- _RAW DATA_:
:::::

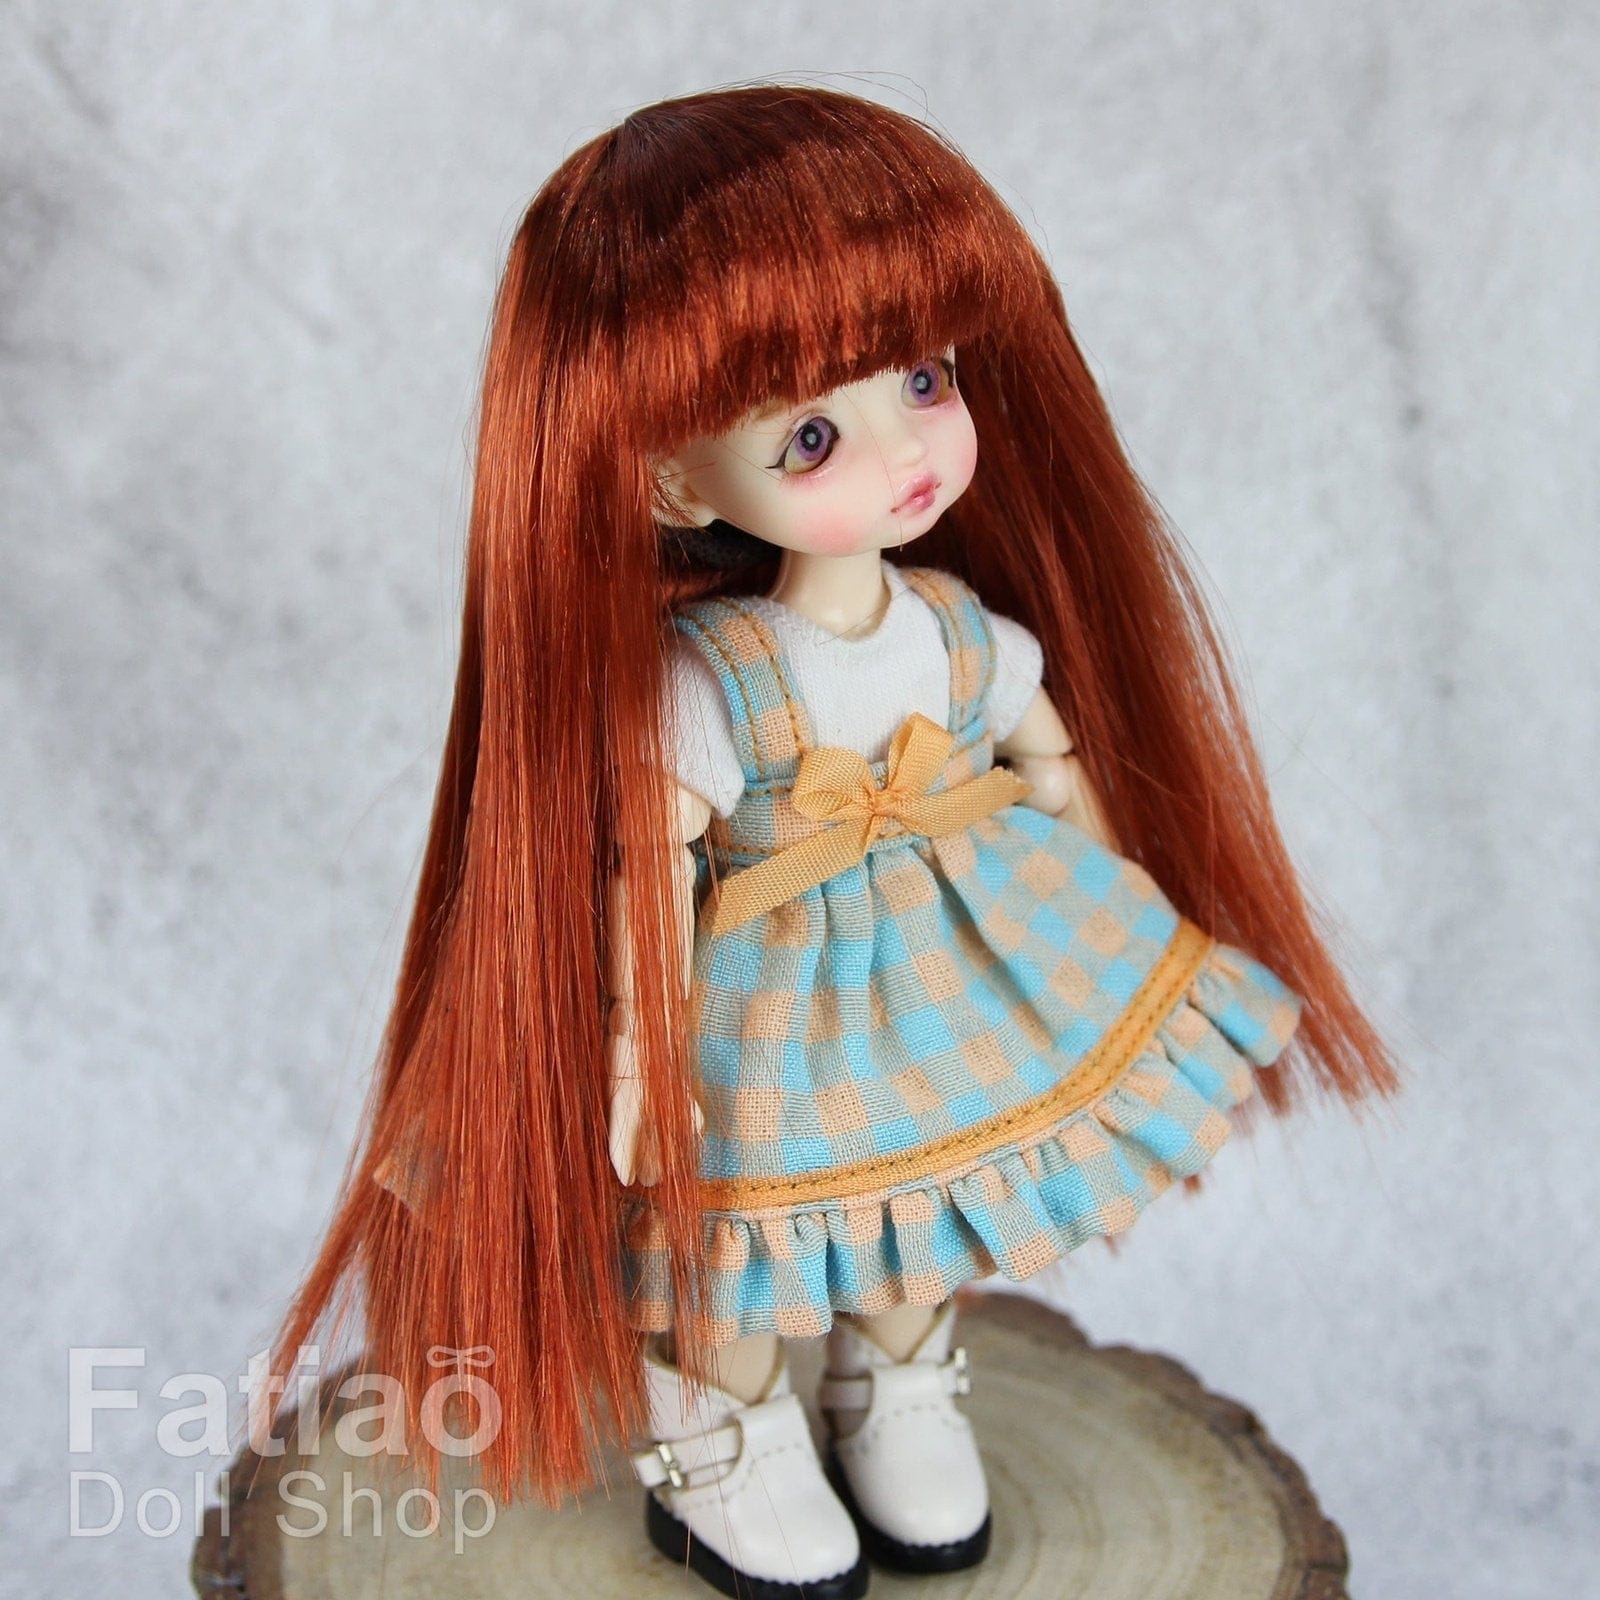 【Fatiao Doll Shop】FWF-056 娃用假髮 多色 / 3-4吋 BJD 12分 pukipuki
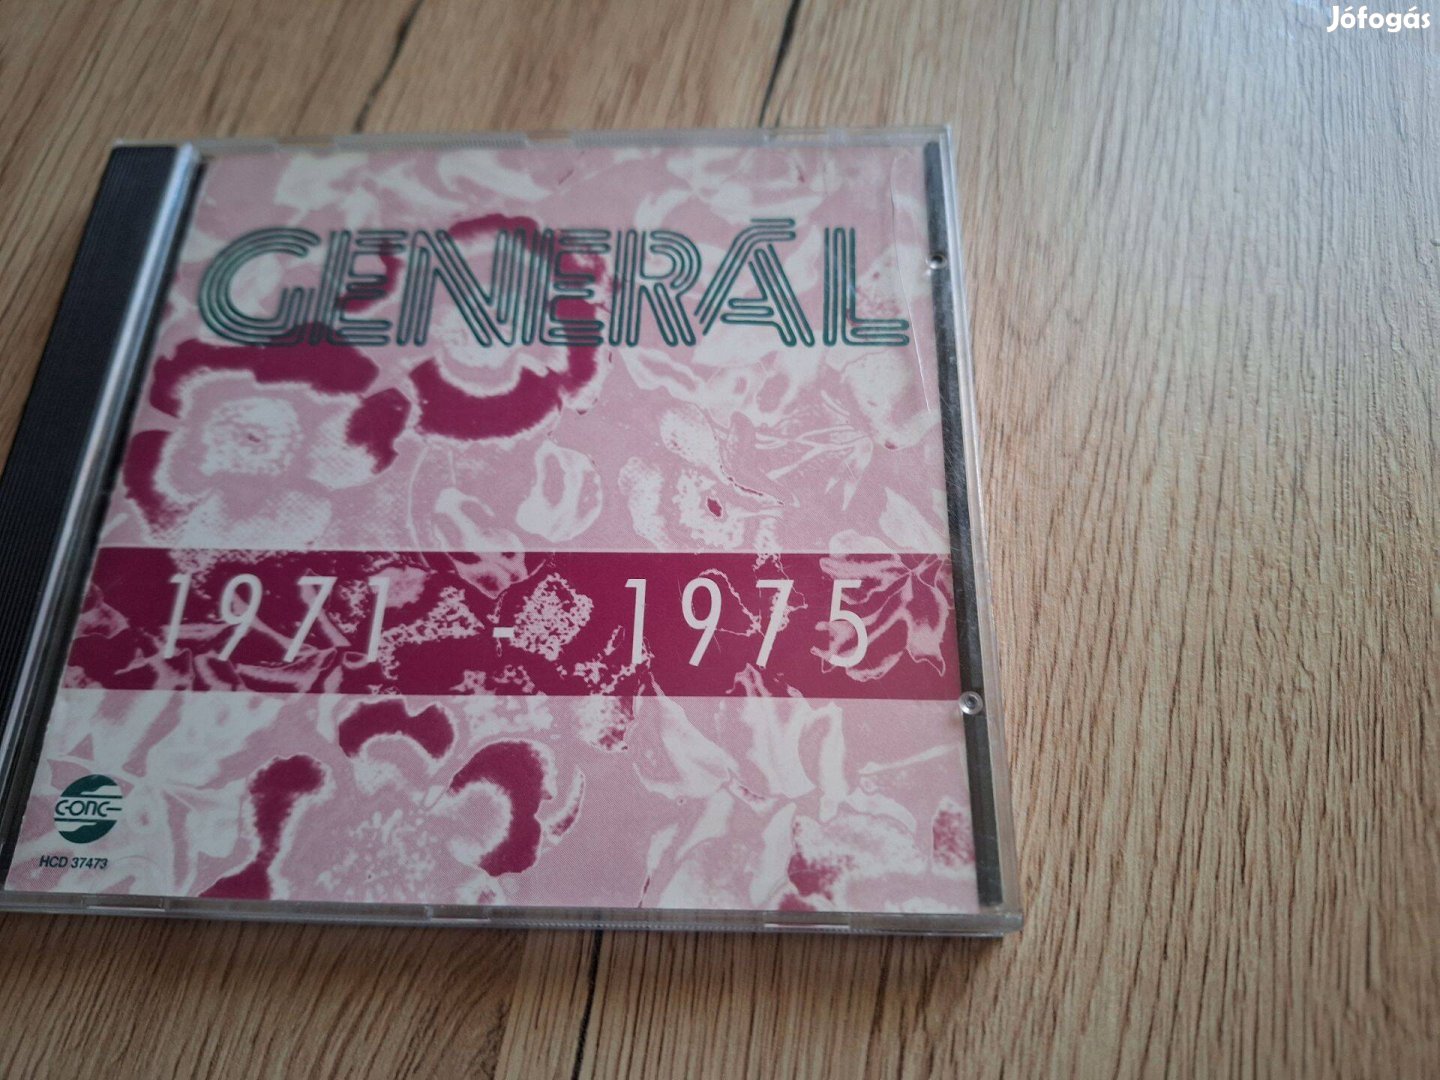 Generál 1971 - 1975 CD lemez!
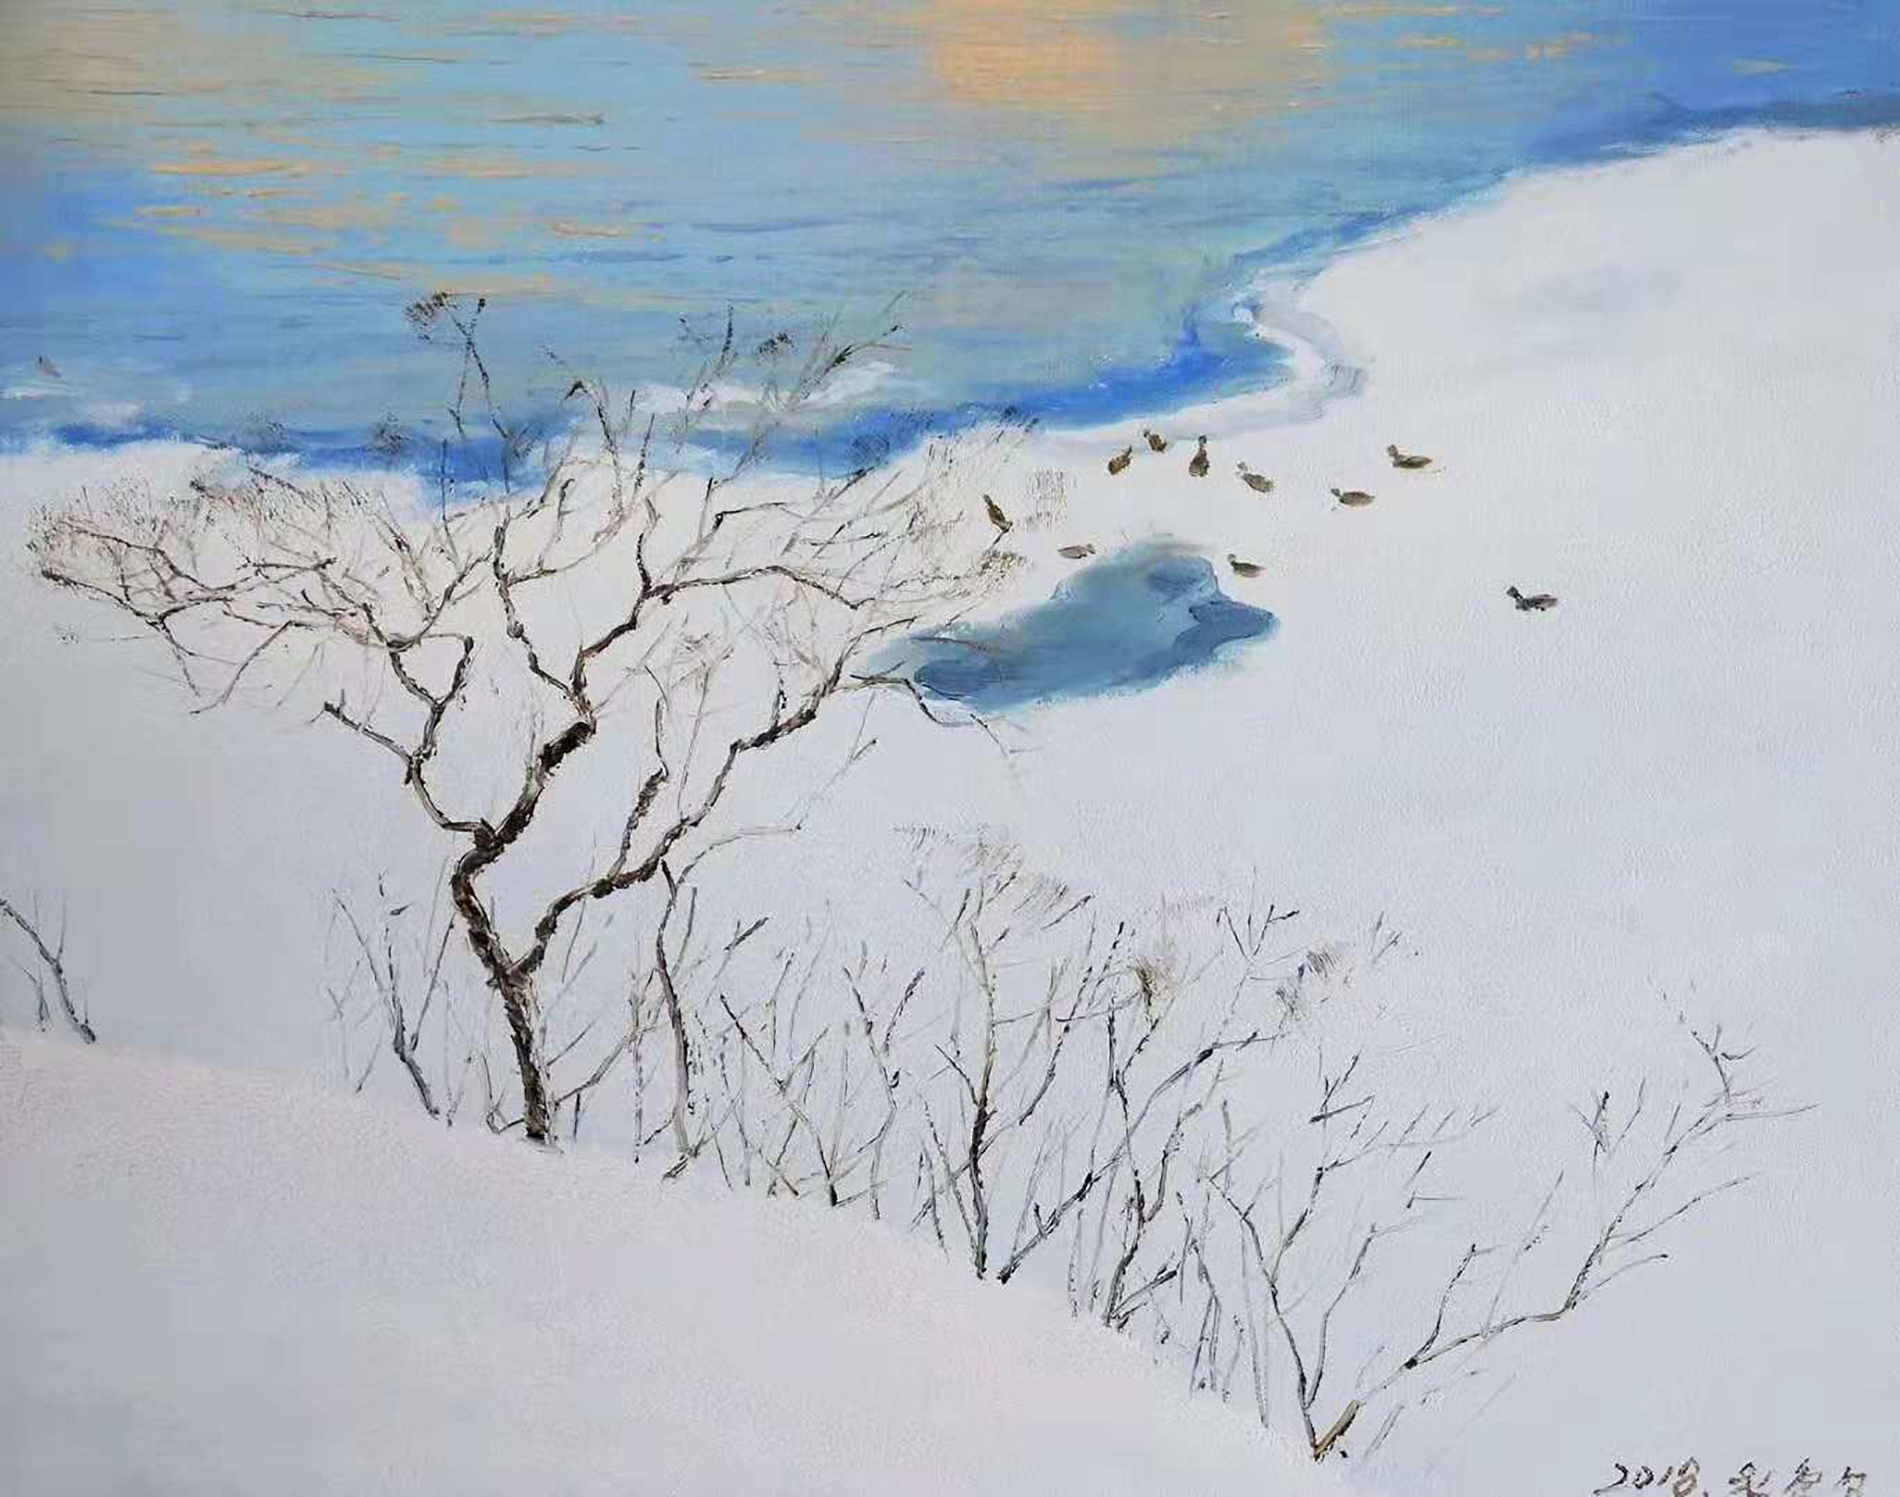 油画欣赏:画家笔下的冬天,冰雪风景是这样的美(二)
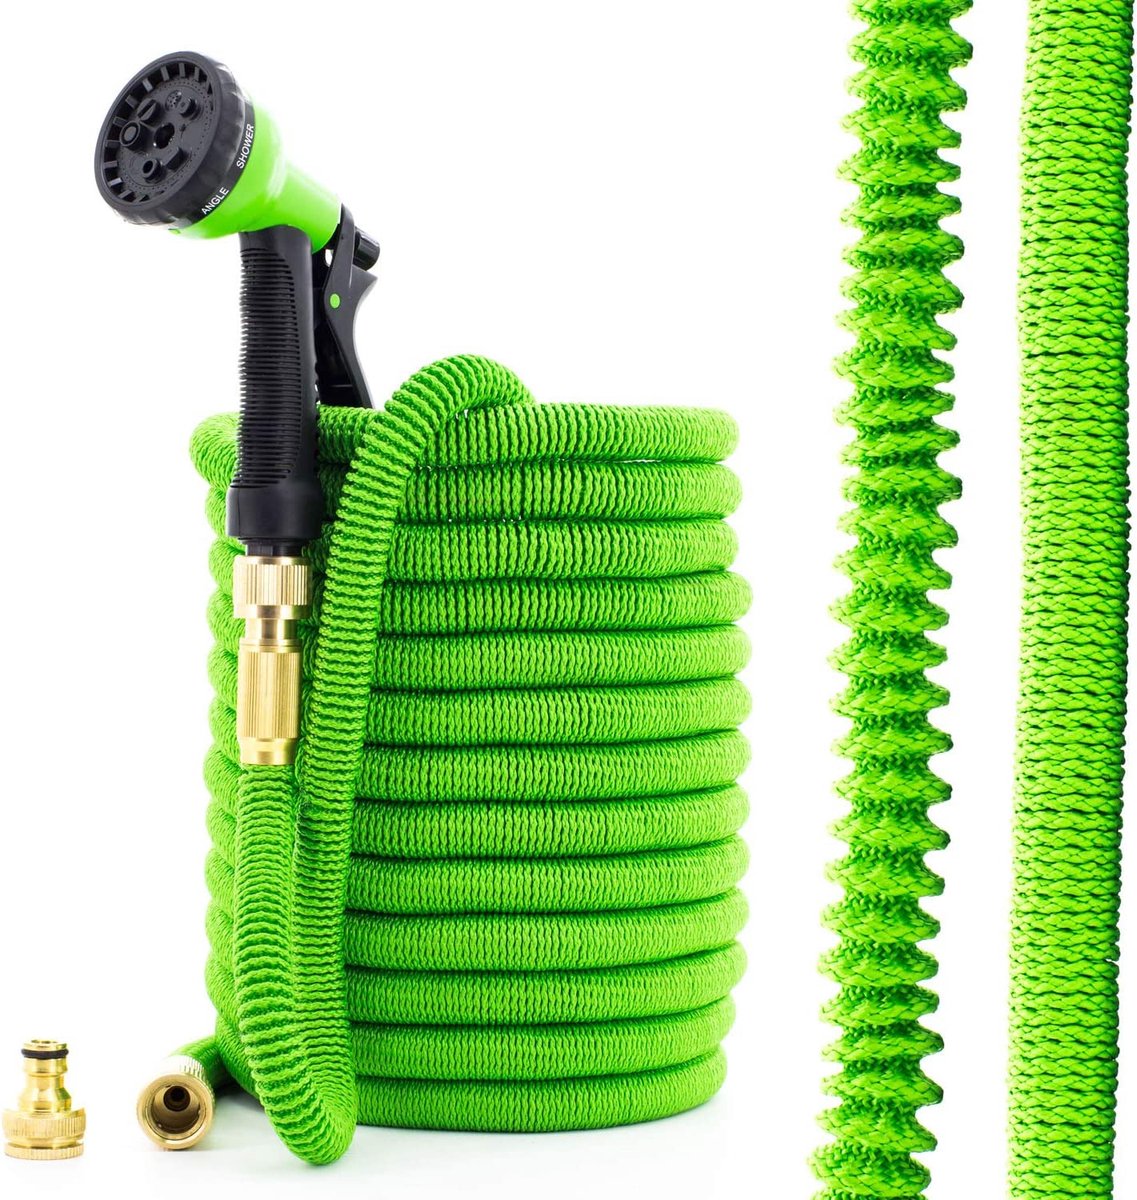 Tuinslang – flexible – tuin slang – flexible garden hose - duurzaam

:::::

- _EXERCISE AIM_: Pictures must be left out. Return verbatim only the lines from the line with "油画欣赏:画家笔下的冬天,冰雪风景是这样的美(二)" through the final line of the material above, including both ends.

- _YOUR SOLUTION_:
 油画欣赏:画家笔下的冬天,冰雪风景是这样的美(二)
 Tuinslang – flexible – tuin slang – flexible garden hose - duurzaam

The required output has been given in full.